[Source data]
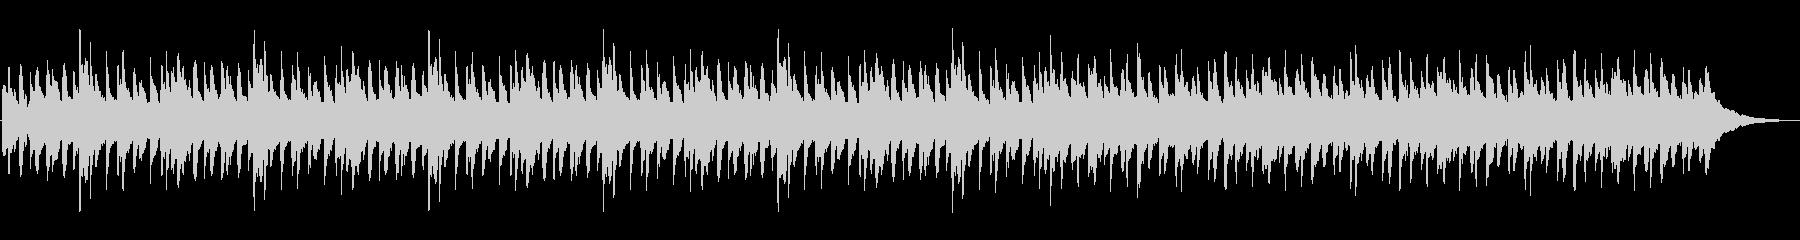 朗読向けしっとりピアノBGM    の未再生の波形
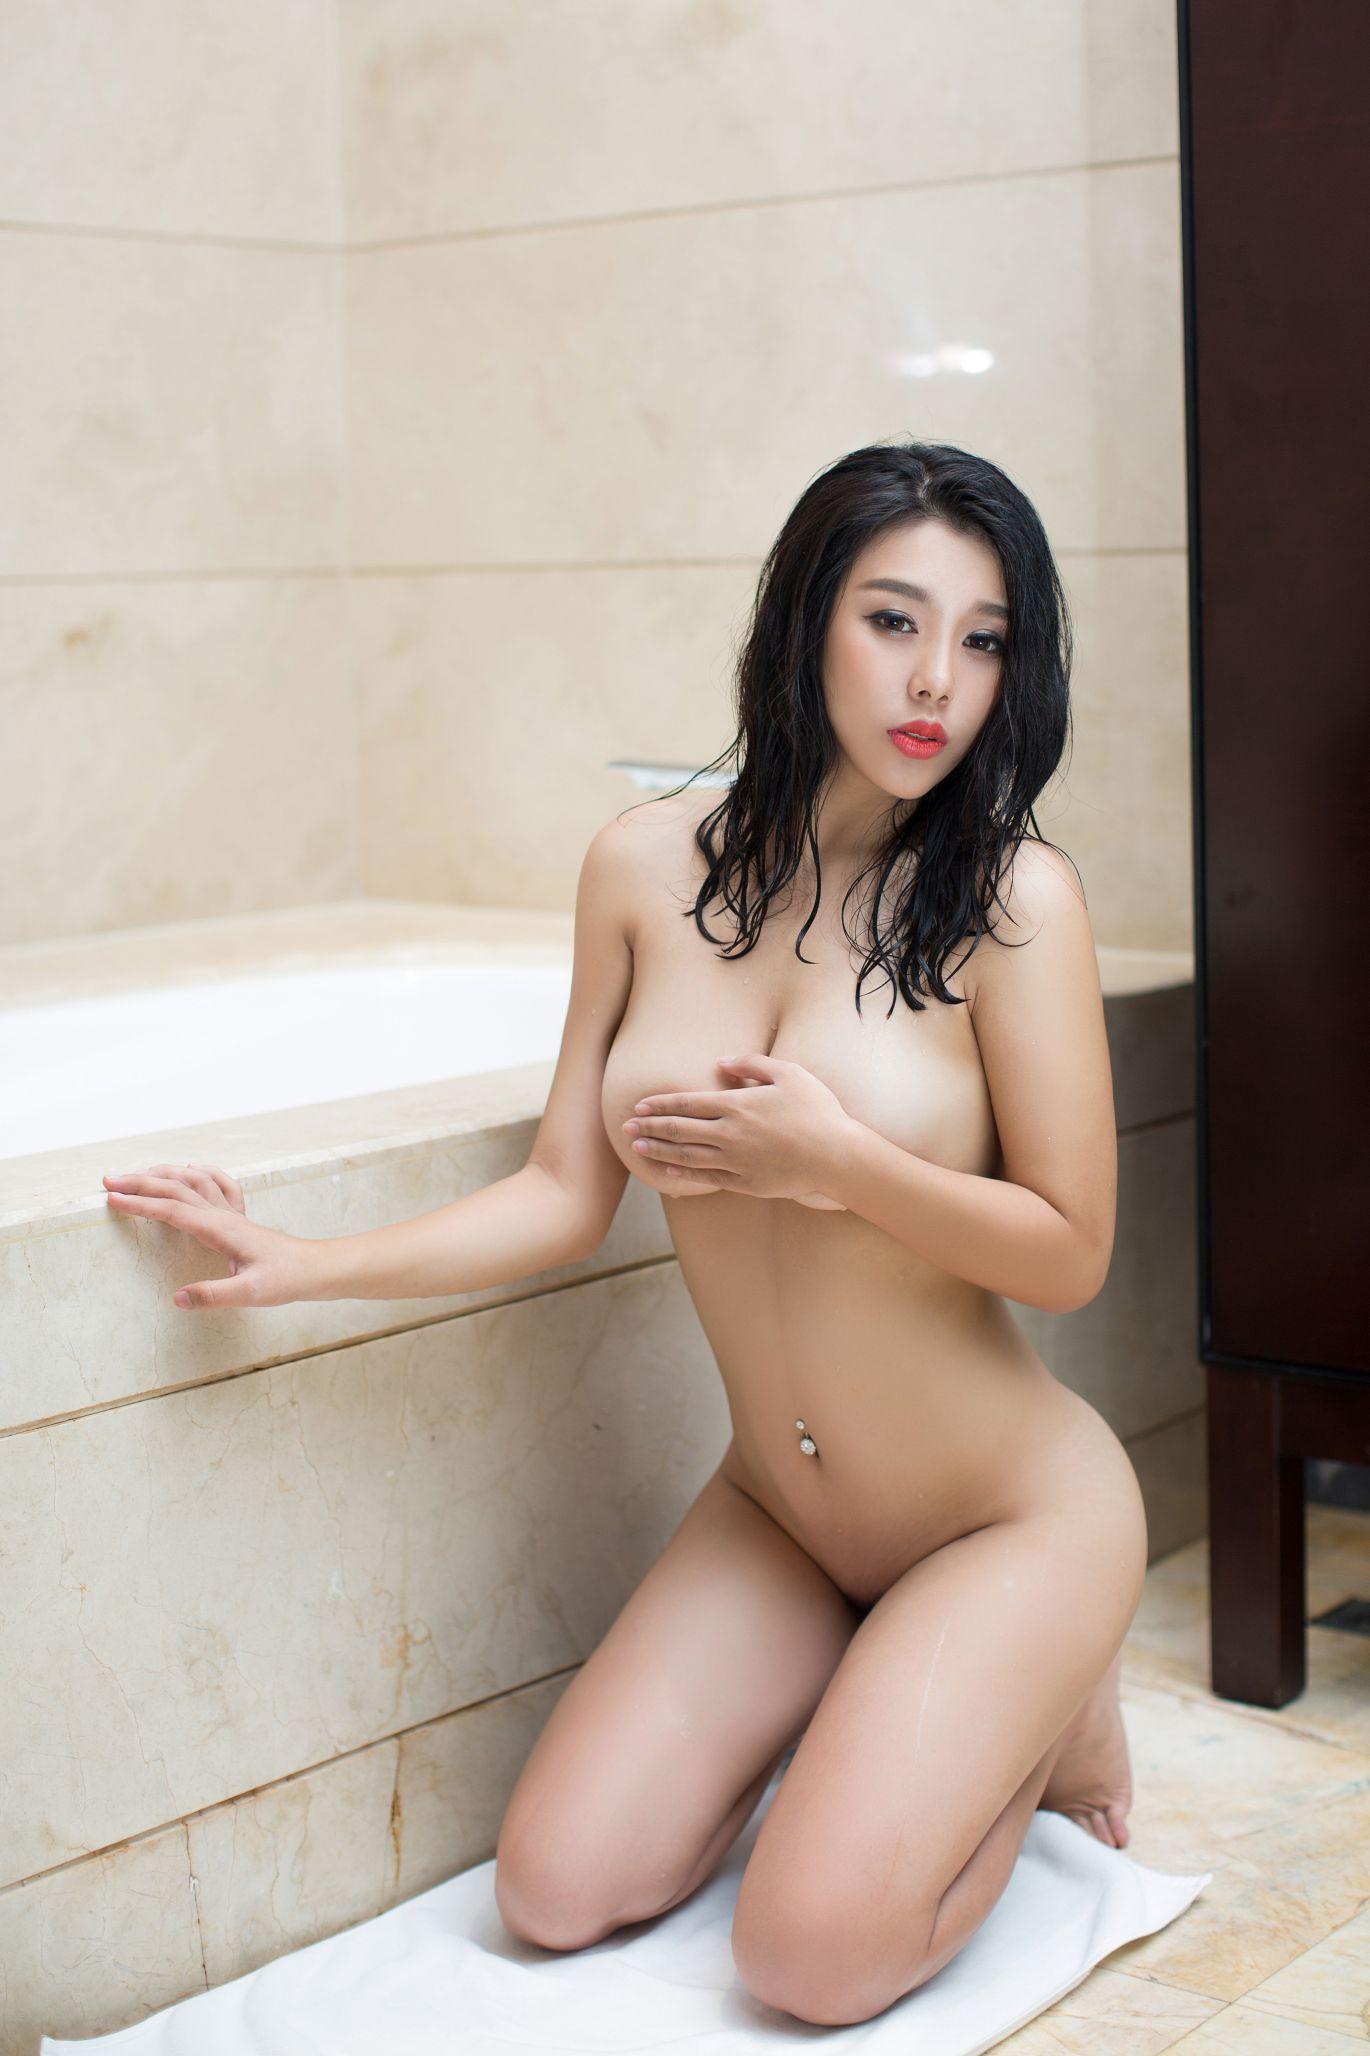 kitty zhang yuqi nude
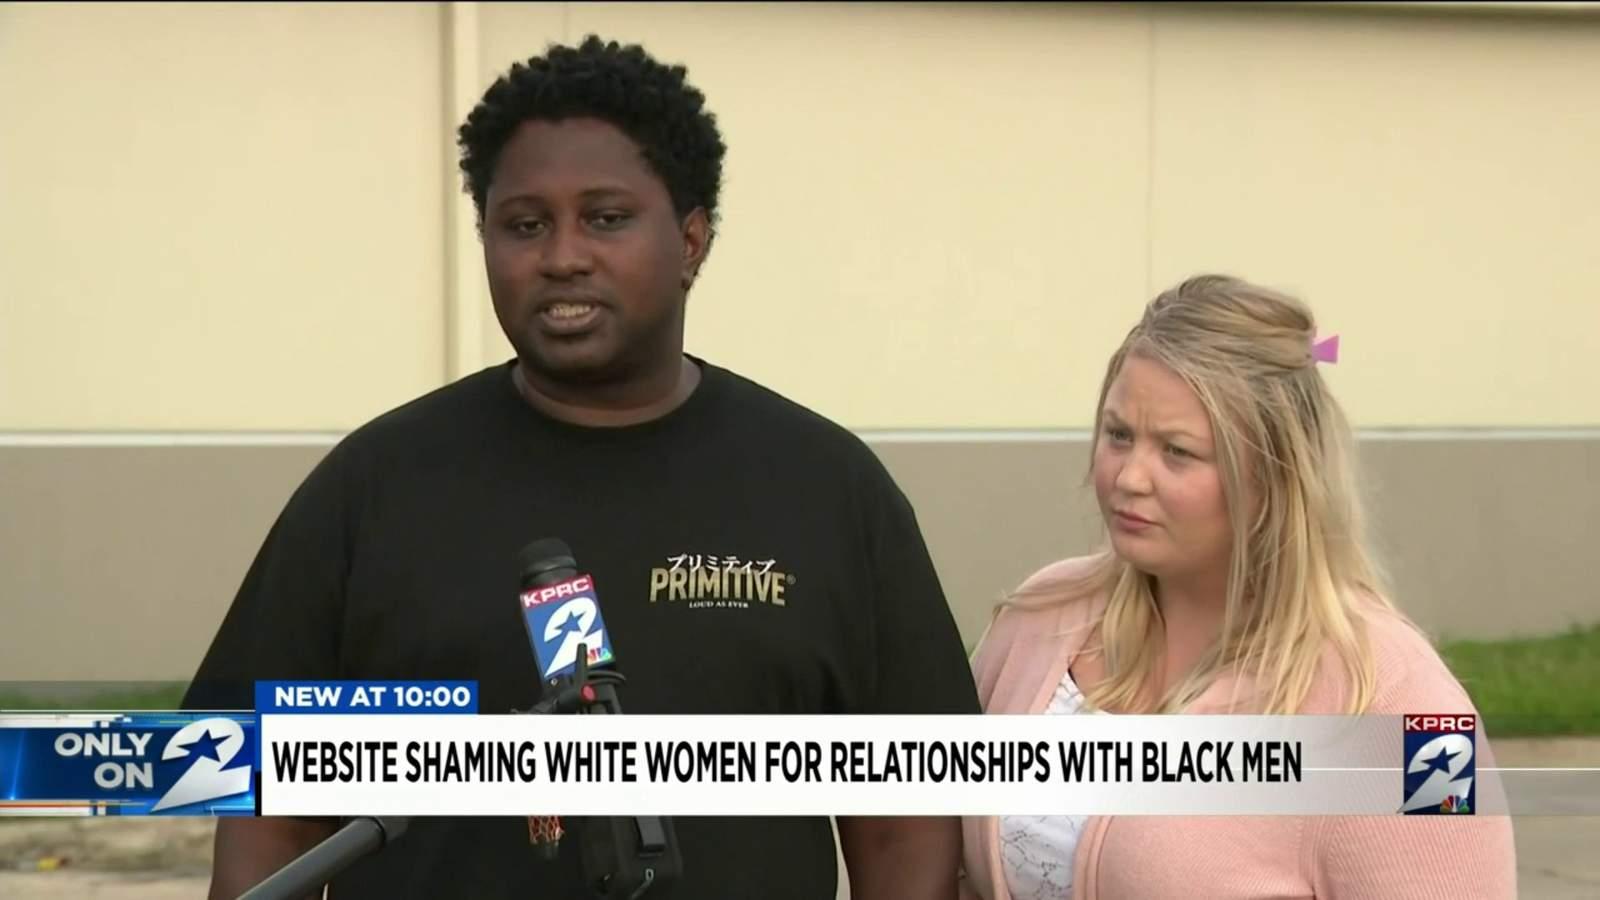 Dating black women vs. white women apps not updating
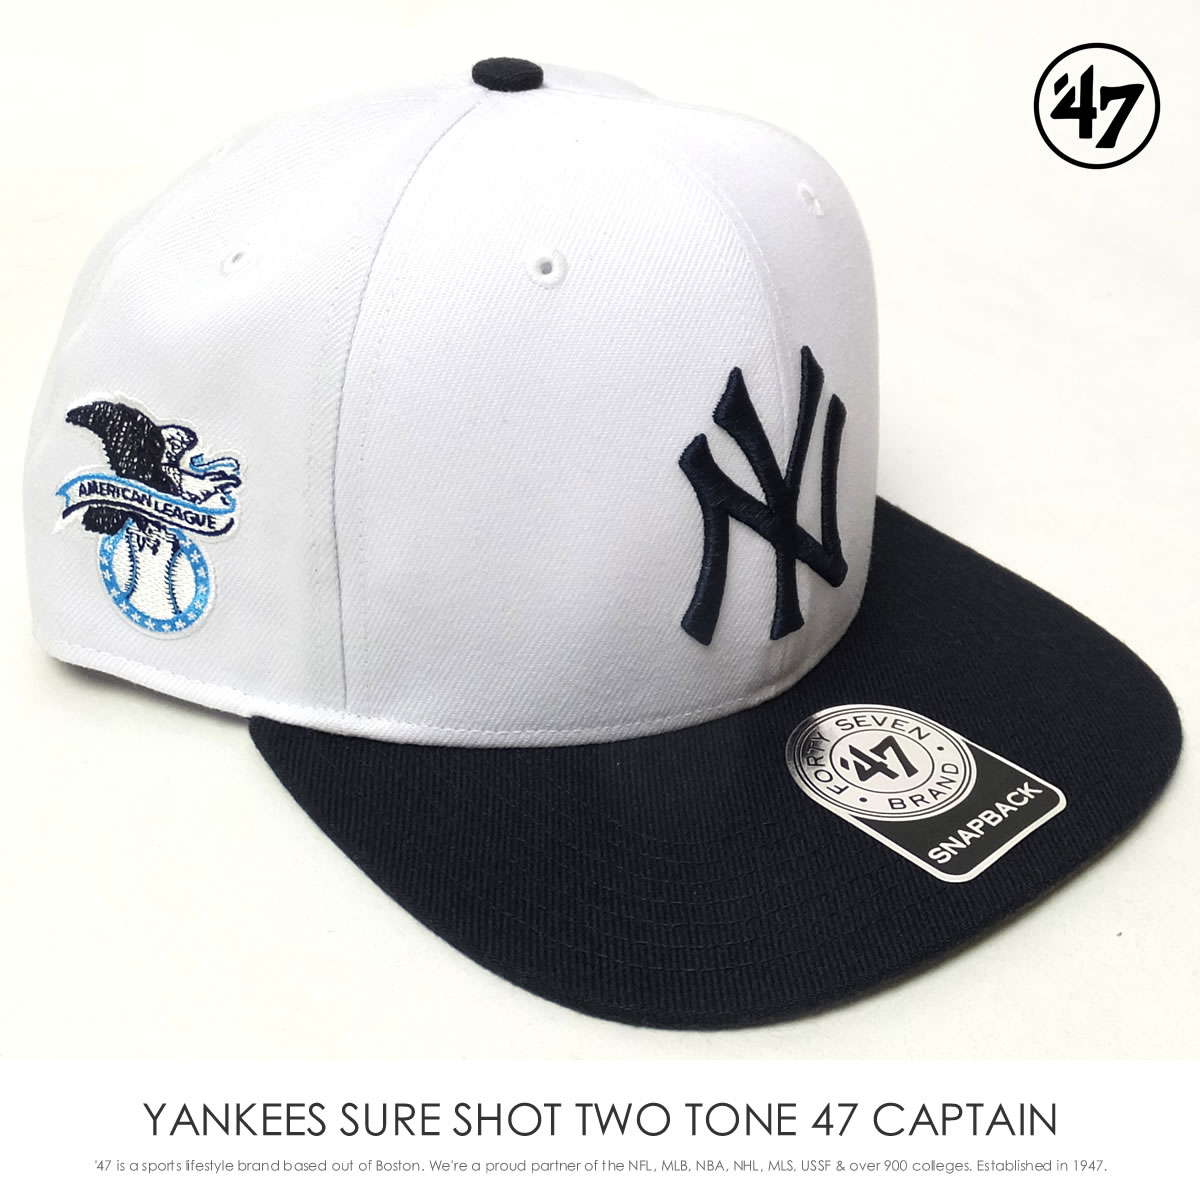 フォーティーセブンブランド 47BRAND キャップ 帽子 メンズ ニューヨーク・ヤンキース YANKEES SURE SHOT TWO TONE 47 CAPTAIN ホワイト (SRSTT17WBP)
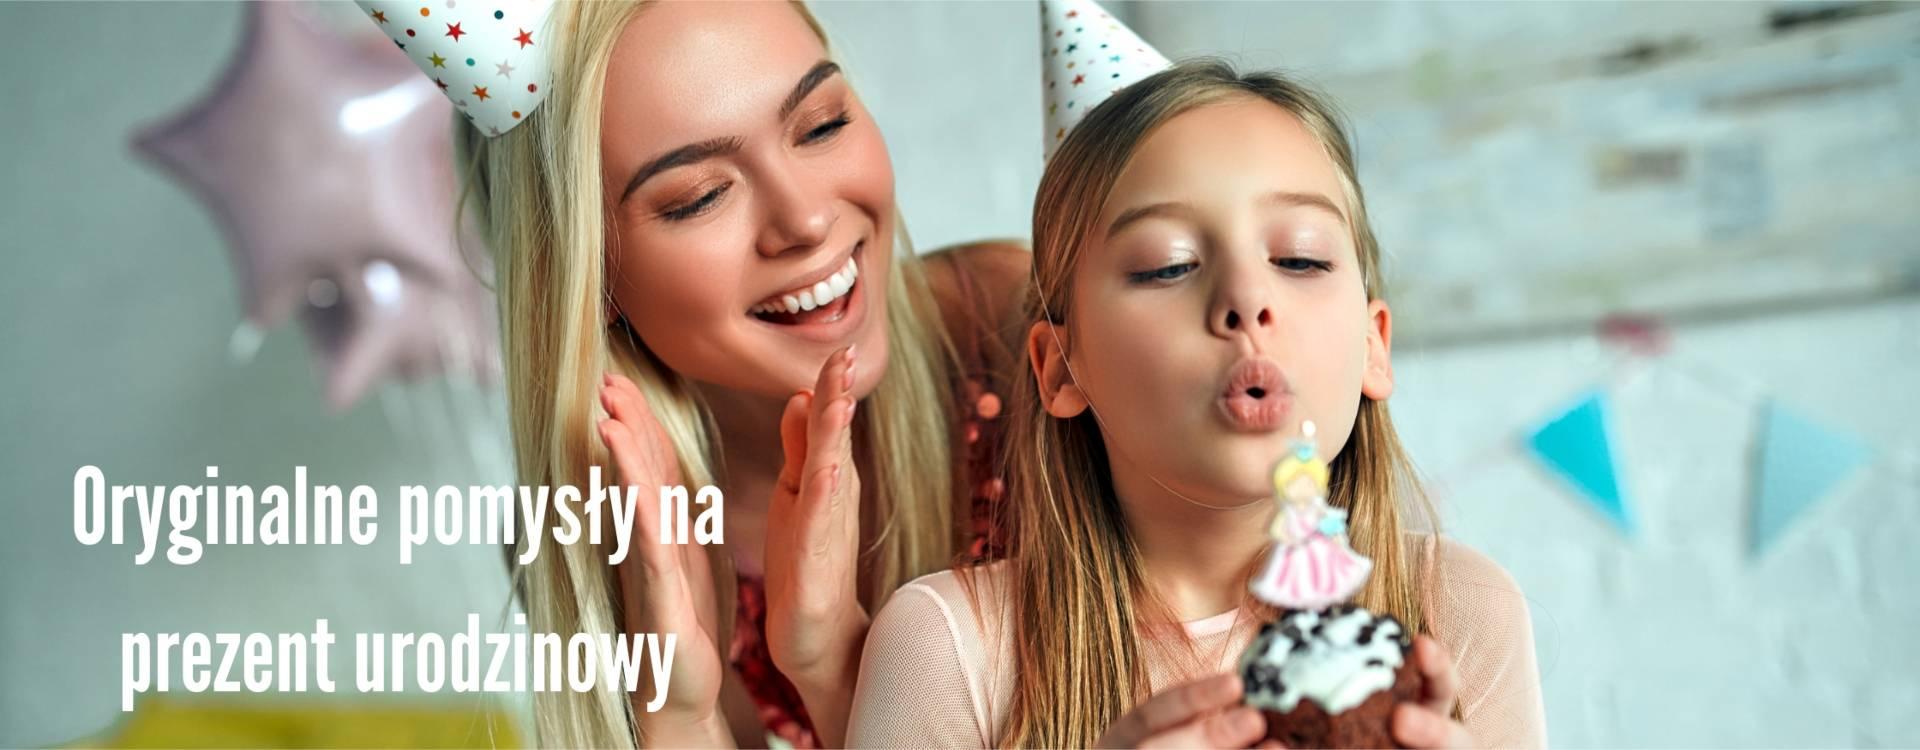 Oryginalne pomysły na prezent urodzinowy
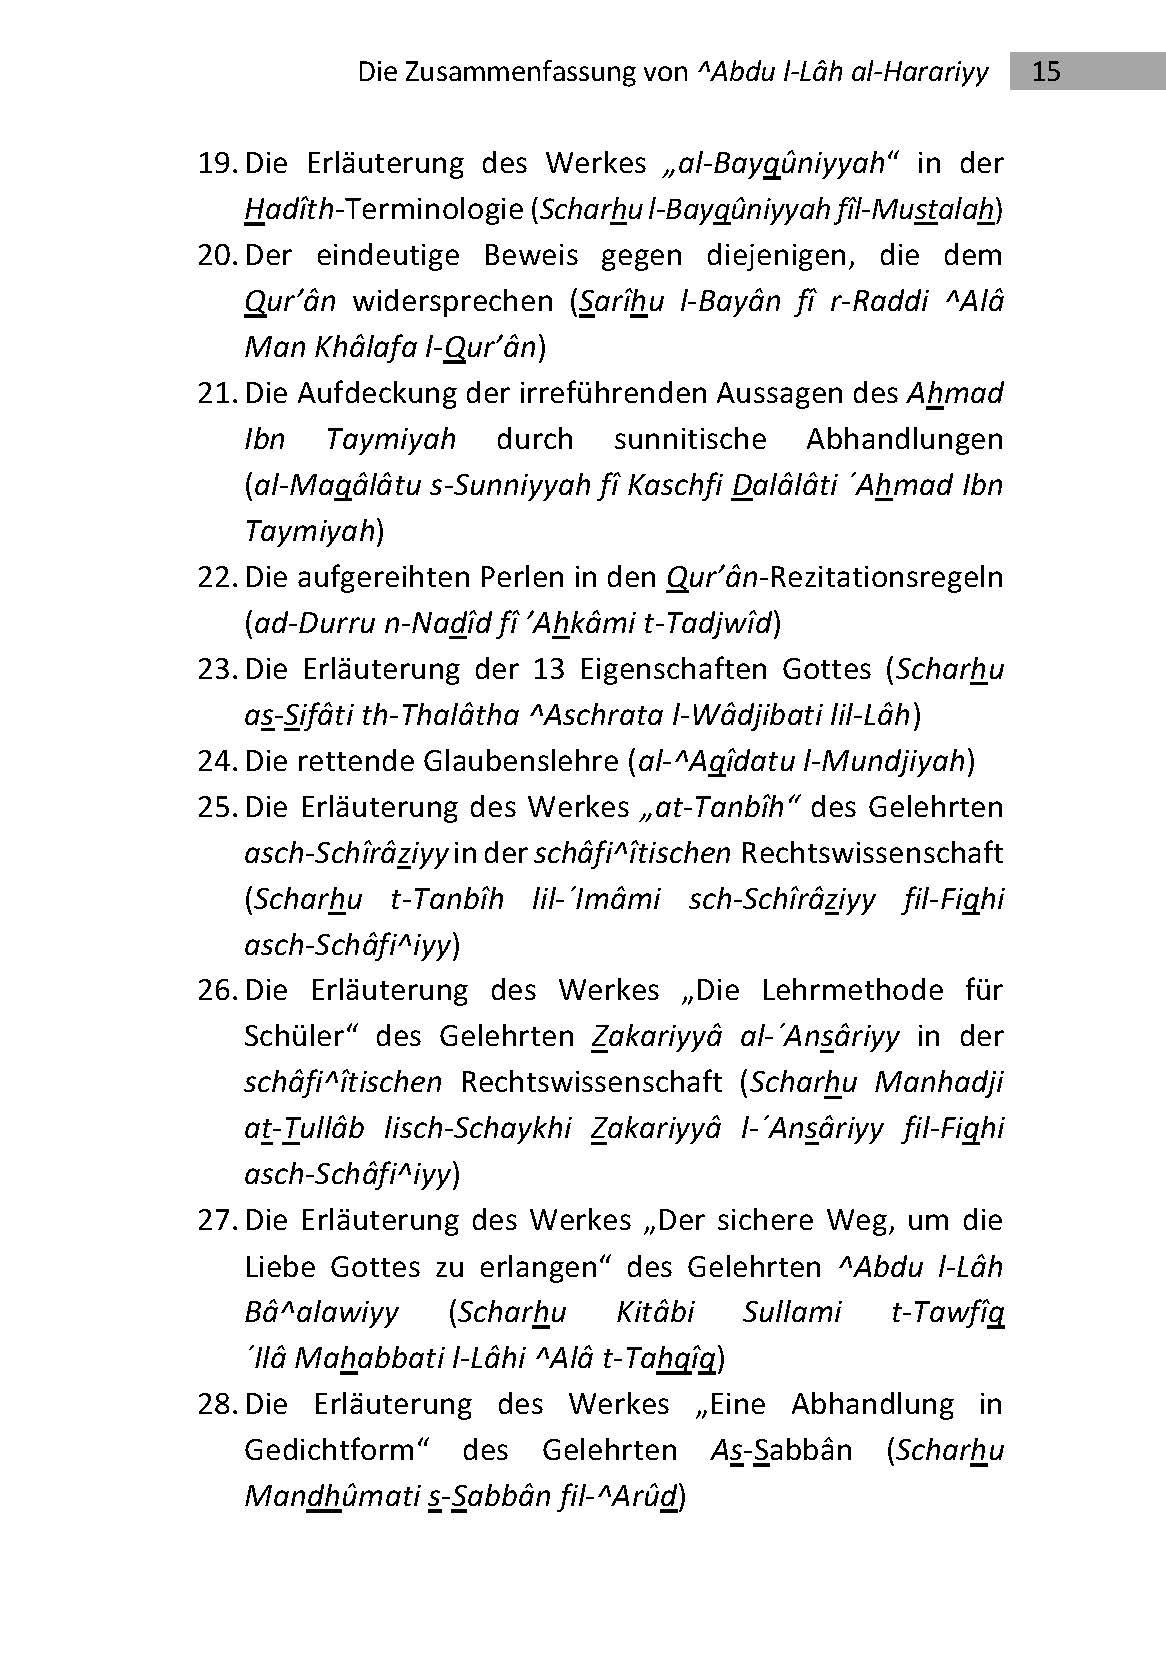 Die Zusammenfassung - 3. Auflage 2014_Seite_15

» How to complete this task
Each record above is to be copied exactly. Drop the pictures.

» Answer to this problem
 朗読向けしっとりピアノBGM    の未再生の波形
 kitty zhang yuqi nude
 Dating black women vs. white women apps not updating
 フォーティーセブンブランド 47BRAND キャップ 帽子 メンズ ニューヨーク・ヤンキース YANKEES SURE SHOT TWO TONE 47 CAPTAIN ホワイト (SRSTT17WBP)
 Oryginalne pomysły na prezent urodzinowy
 Die Zusammenfassung - 3. Auflage 2014_Seite_15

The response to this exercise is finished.